On the plus side, the bloodwork has already become old hat.
For context, I have a long history of almost fainting in doctor’s offices. Bloodwork, shots, anything involving a needle. Also anything involving eyes. Also I don’t do great with nasal passages. It’s kind of a spectrum.
No part of this process was ever going to be fun, by any means, but the barrage of needles has been the most daunting prospect for me. Bloodwork by morning, self-injections (self!!! injections!!!) by night. Lather, rinse, repeat, for up to two weeks.
And then the mother of all needles, at the end, to retrieve the eggs. They’ll put me under for that one, at least.
Which — oh wait — also means more needles.
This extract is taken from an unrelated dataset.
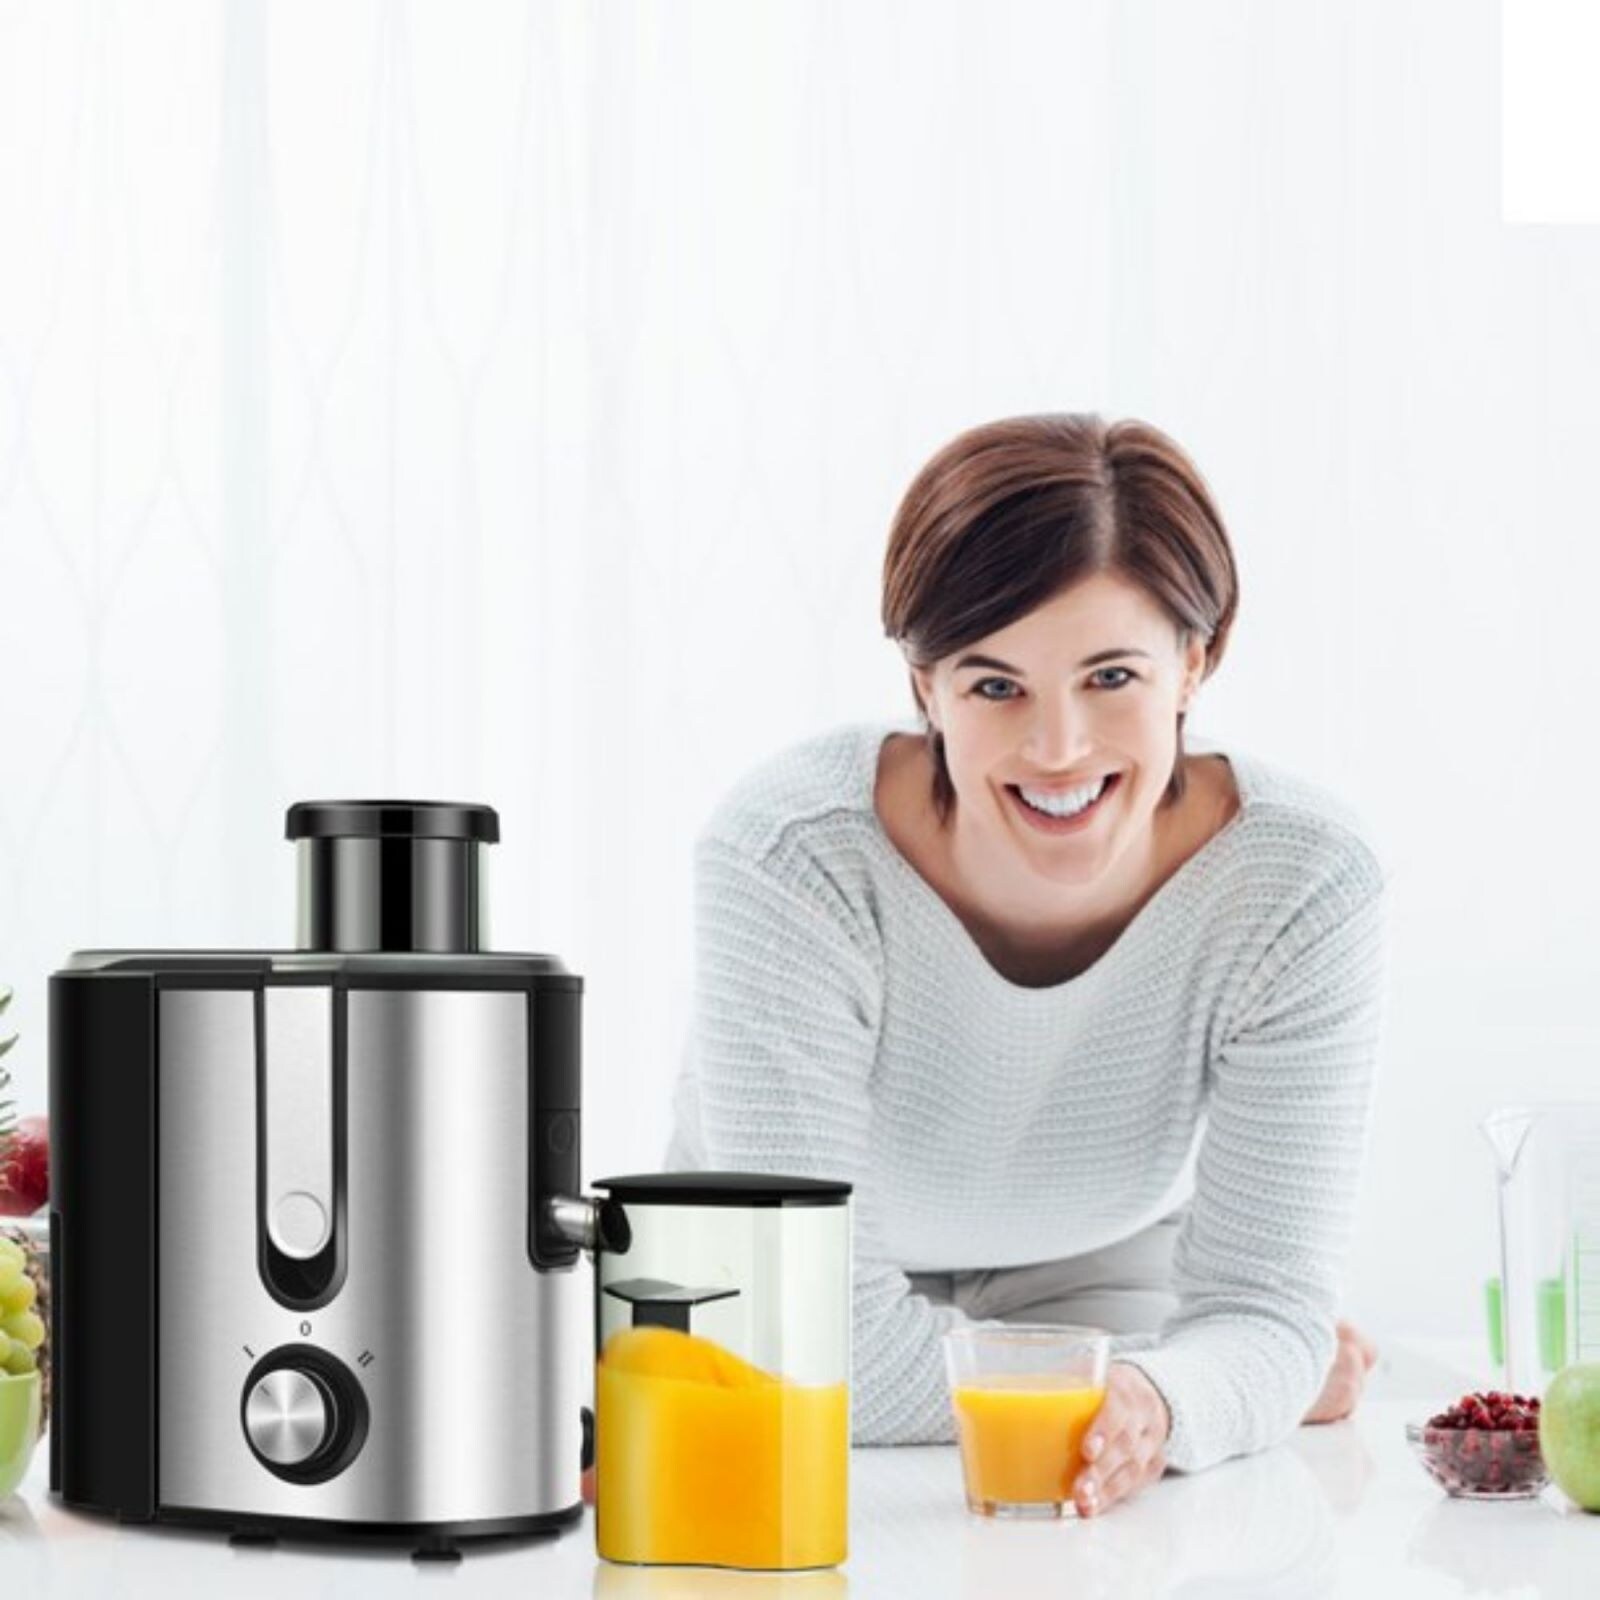 https://ak1.ostkcdn.com/images/products/is/images/direct/8fbd3685e3378e7073994f2a14ac561e9d17f036/Juicer-Extractor-Dual-Speed-w--2.5%27%27-Feed-Chute.jpg

Cool.
At my most recent appointment, they drew some blood to determine when I should start my week or so of estrogen patches, which it turns out are not just for menopause. The more you know!
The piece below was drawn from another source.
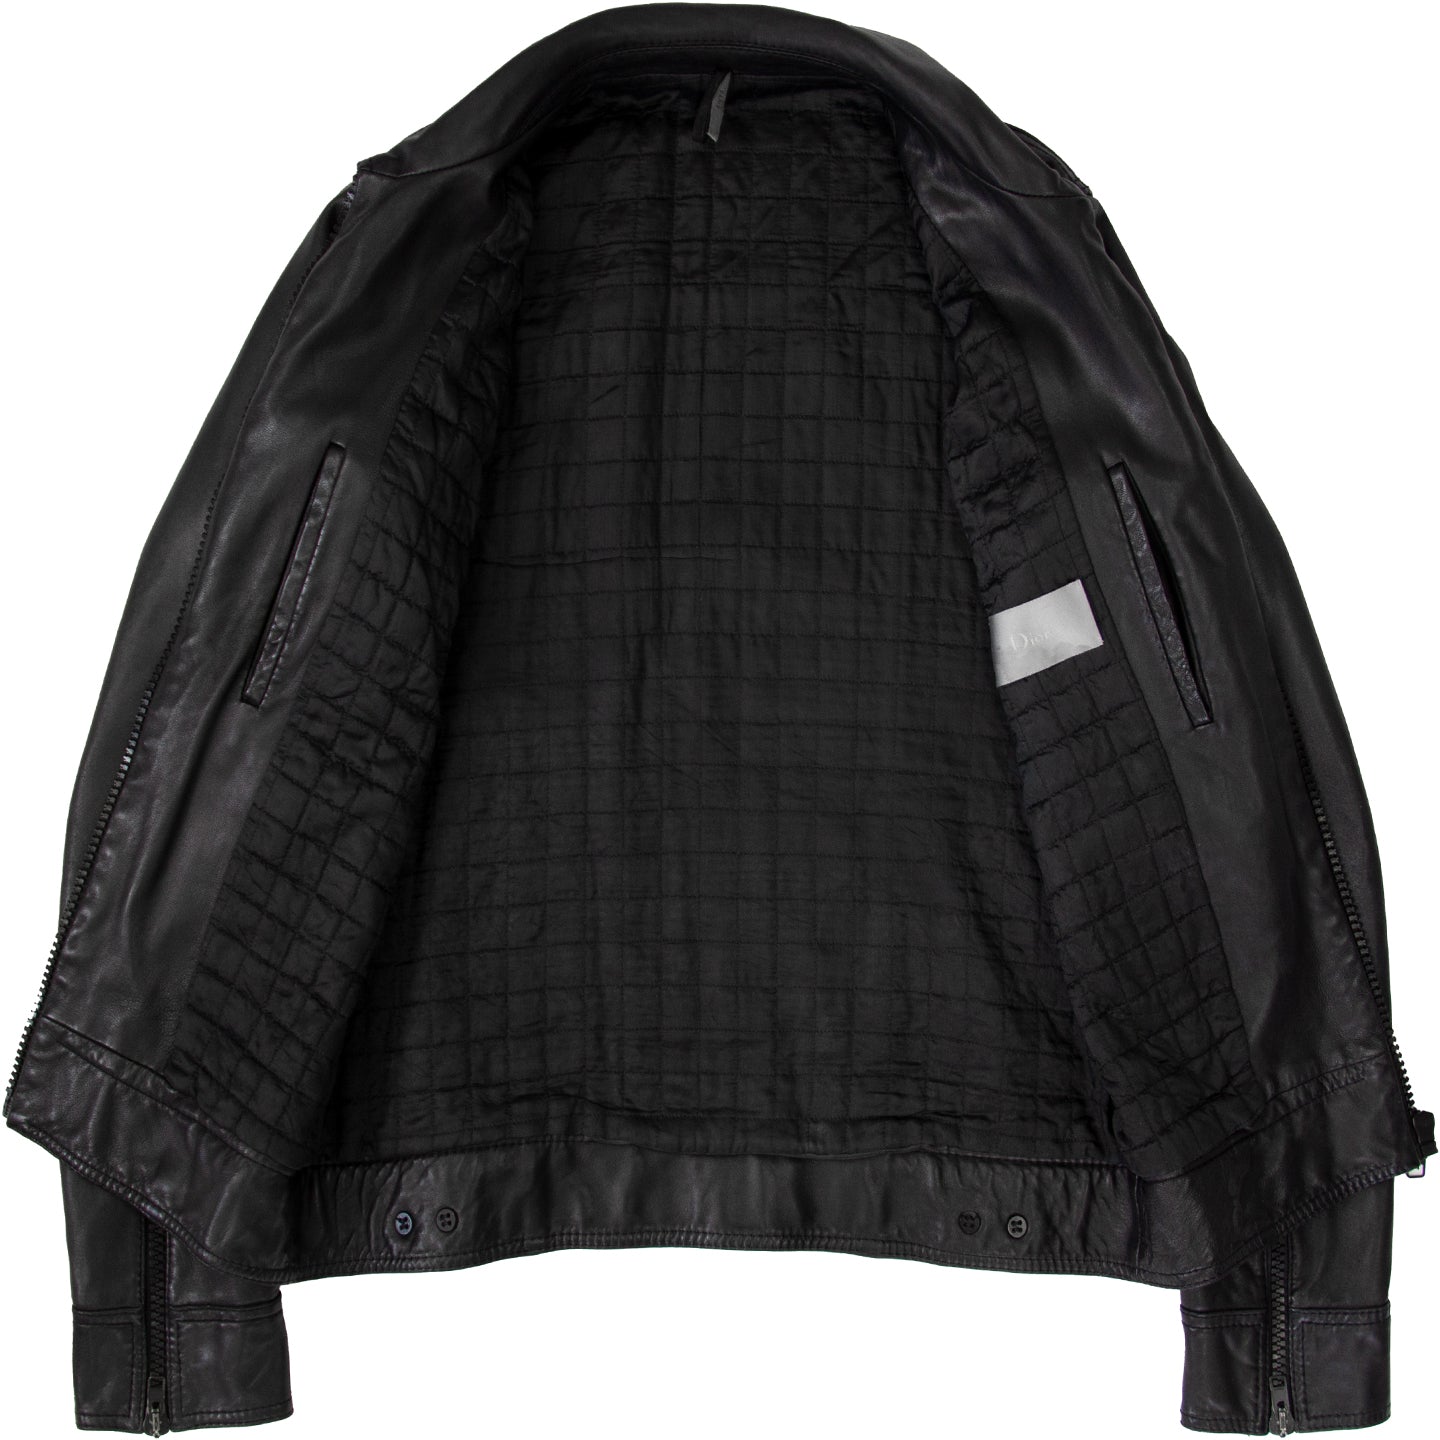 DIOR HOMME AW07 NAVIGATE LEATHER JACKET

I’m not even one thousand percent clear on why the patches are necessary in my case and not in some others, but they involve zero needles and were actually covered by my insurance (unlike literally any other part of this process) so I’m just rolling with it, to be honest. I’m muddling through enough information as it is.
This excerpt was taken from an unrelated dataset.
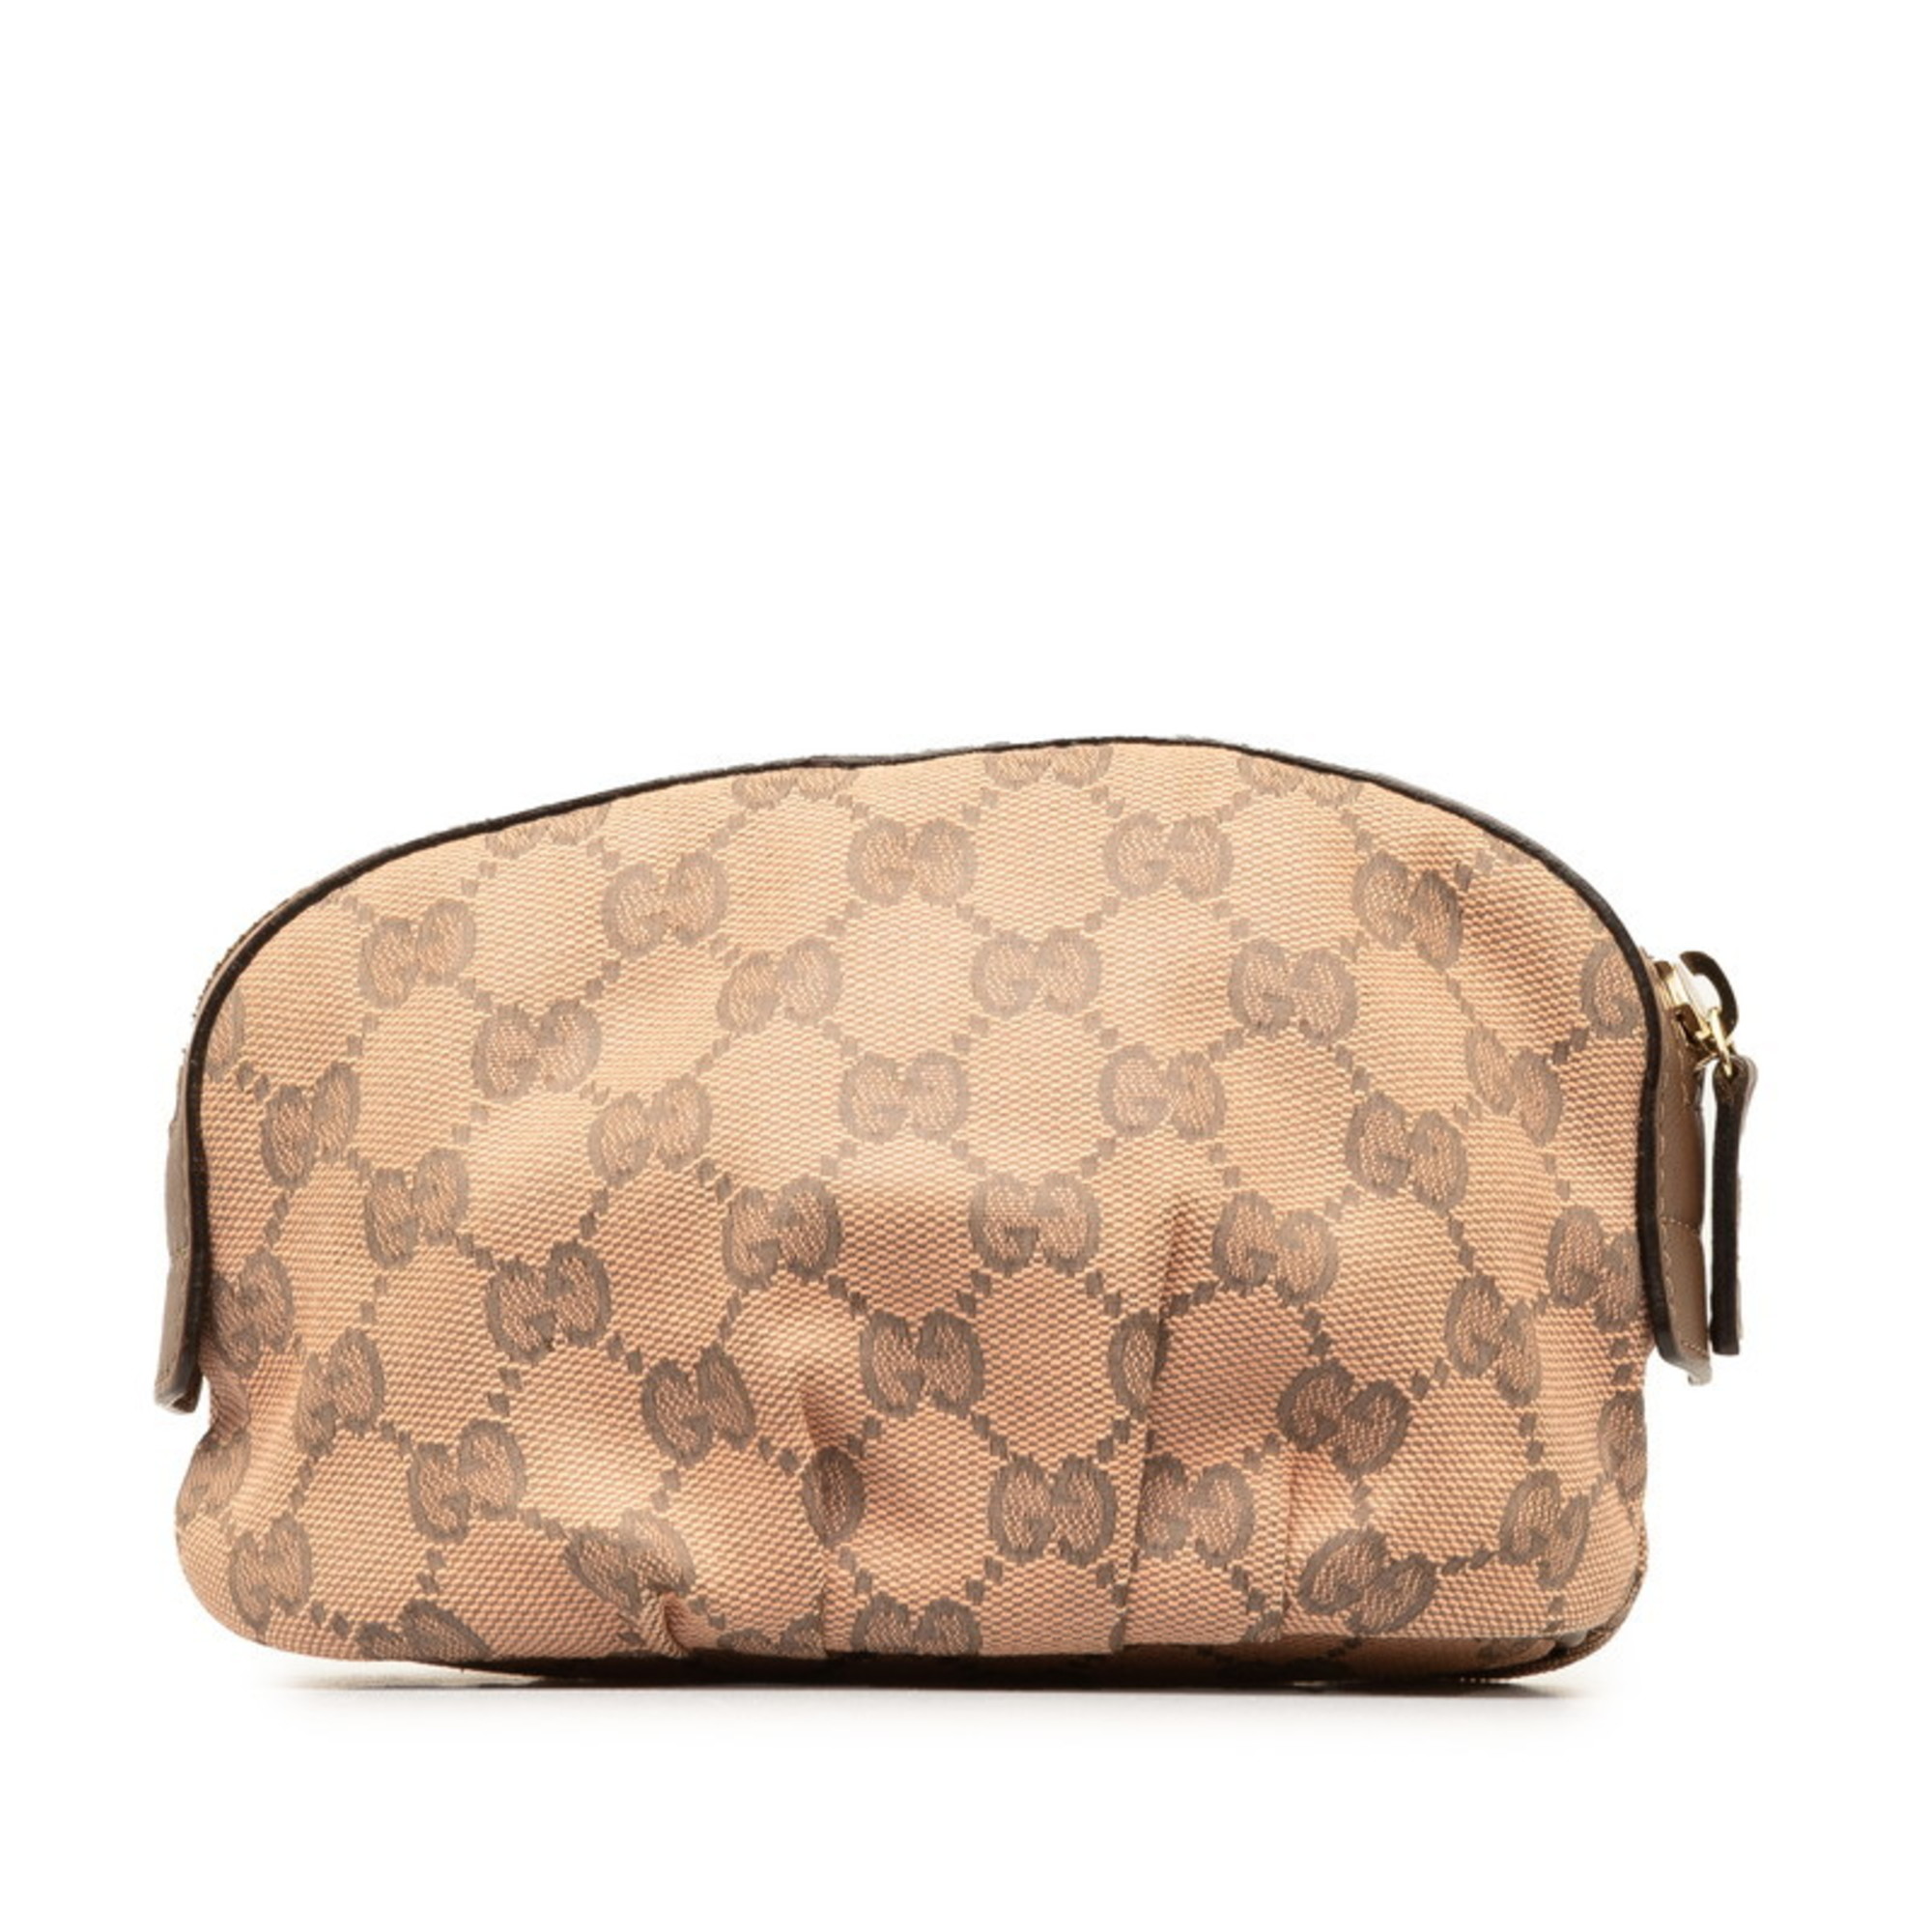 Gucci Interlocking G GG Canvas Pouch 308631 Pink Brown Leather Women's GUCCI

Anyway, they called my name for the blood draw, I sat down, averted my eyes**, barely winced at the prick of the needle, and hopped right back up afterwards. Didn’t get woozy at all. If this is how exposure therapy works, I’m officially a believer.
Now I just have to learn to do it myself.
I’ve had a bit of practice, at least. A couple years ago, my cat developed what the vet believed to be chronic kidney disease. (She went on to make a full recovery, which apparently is unheard of, so basically we have no idea what happened other than she’s my little miracle.)
Part of her treatment involved daily subcutaneous fluid injections. I remember half-joking to a friend: “If they told me I needed to give myself daily injections, I’d be like well, I’ve lived a good long life.” To be clear, needles freak me out going into anyone’s body, not just my own. But I vowed to push through it for my baby girl.
And believe it or not, after the first couple of times, it became second nature. I stopped getting lightheaded. I barely even thought about anything other than trying to hold her down without getting bitten. So knowing I was able to get past it for her gives me a sliver of hope that I’ll be able to get past it for myself too.
We’ll find out soon. Real soon. Like, probably tomorrow. I’m going in for bloodwork in the morning to determine whether I start injections that night. It’s all happening.
*At least I don’t have to go off my antidepressants. Or have my IUD out, which I definitely thought would be necessary. (I mean, right? Guess not.)
**Life hack: when having blood drawn, hold your phone in your other hand and pull up Twitter. You’ll immediately read something Trump said that will make your heart beat faster and your fist curl up with rage, which is exactly what you want in this scenario.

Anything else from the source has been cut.